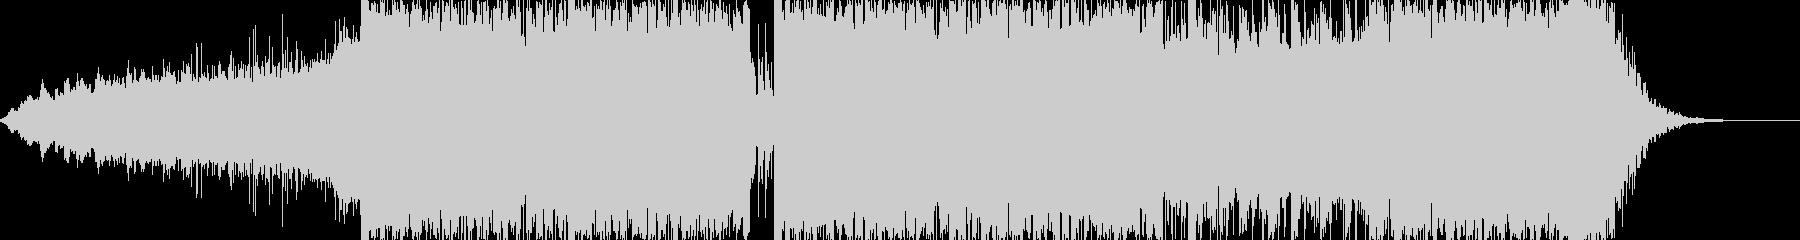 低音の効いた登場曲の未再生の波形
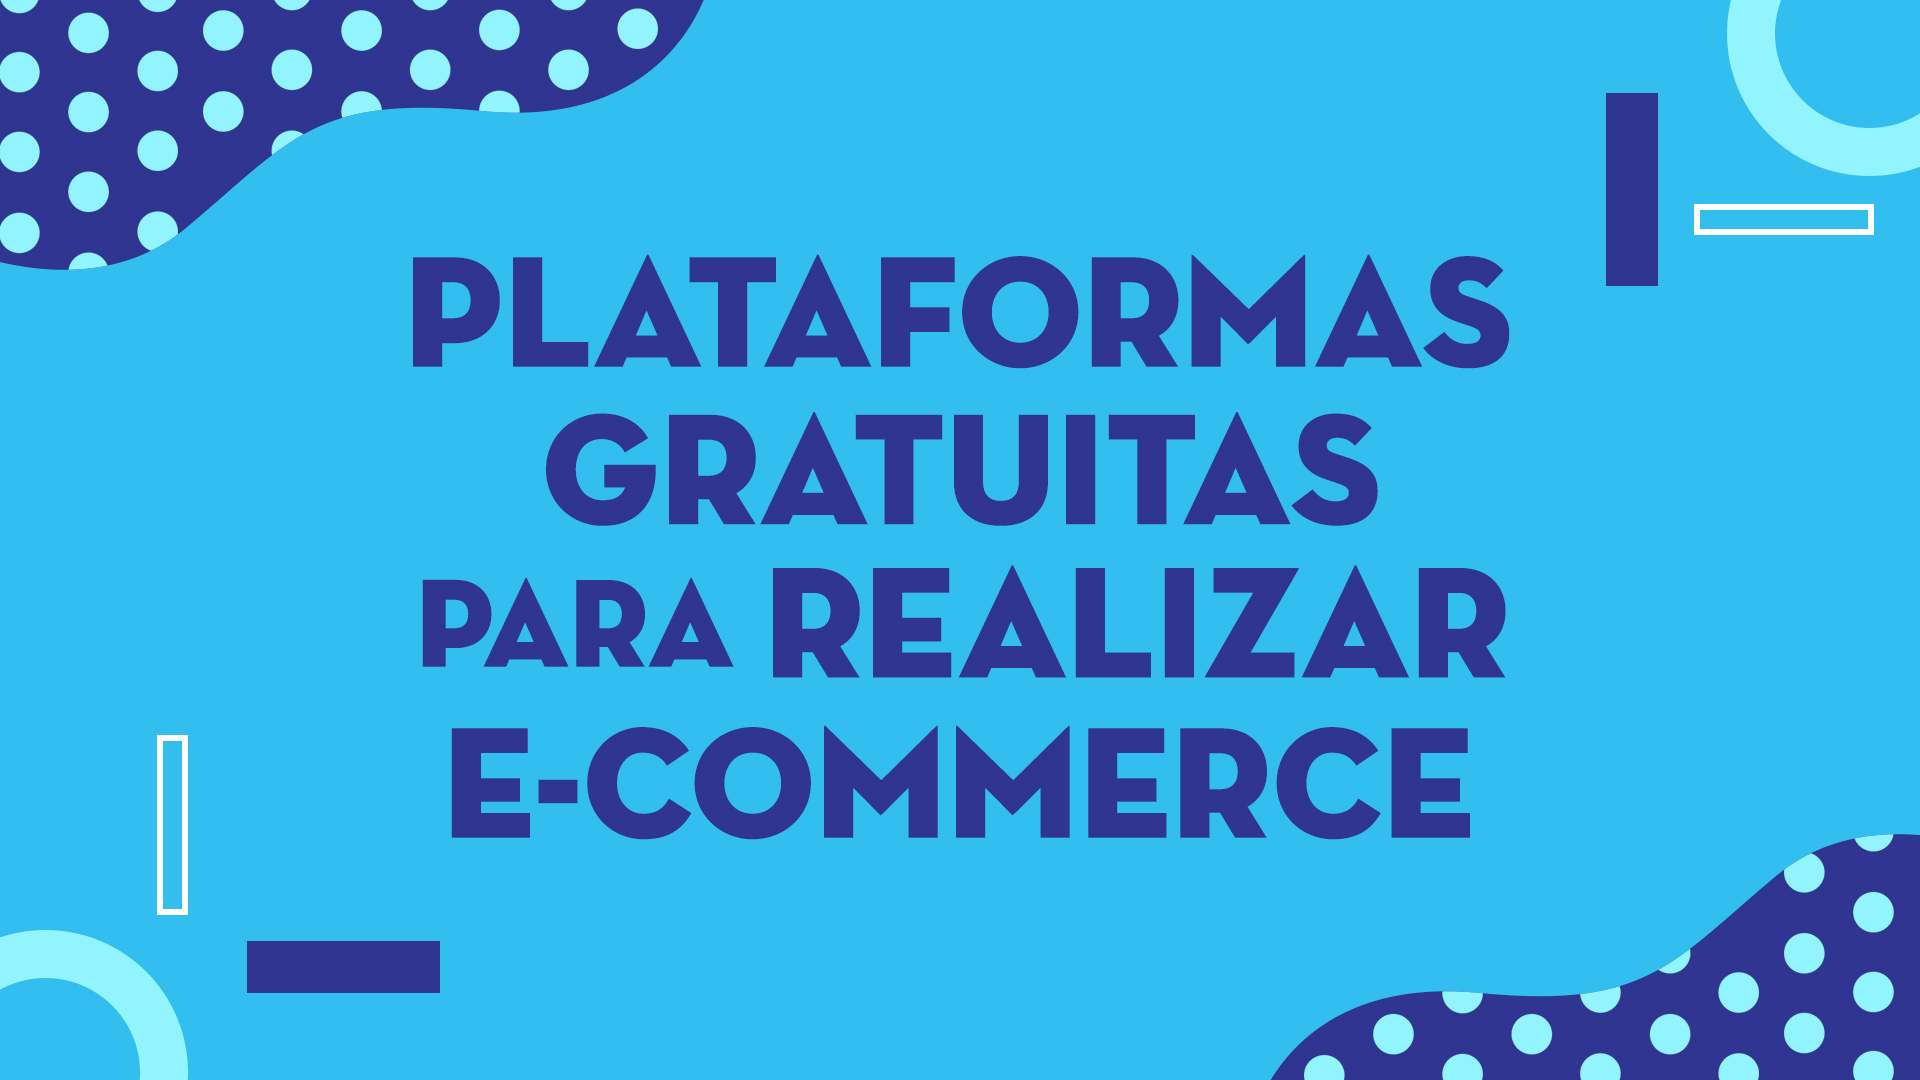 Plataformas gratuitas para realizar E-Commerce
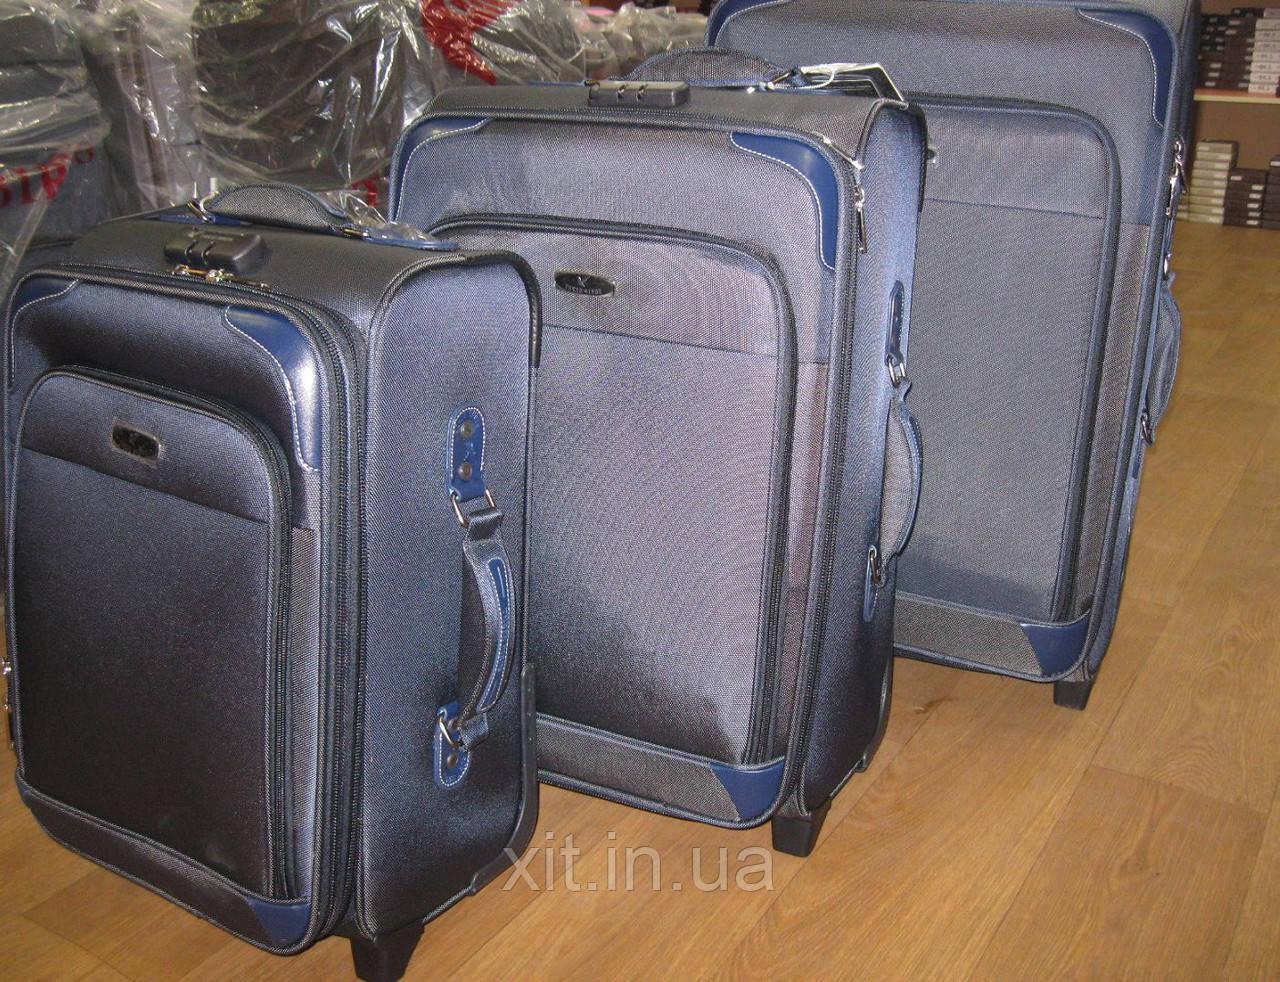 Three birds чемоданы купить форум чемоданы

•••

An exact copy of the listing is required, excluding any pictures.

Answer to the problem.
 低音の効いた登場曲の未再生の波形
 Plataformas gratuitas para realizar E-Commerce
 Three birds чемоданы купить форум чемоданы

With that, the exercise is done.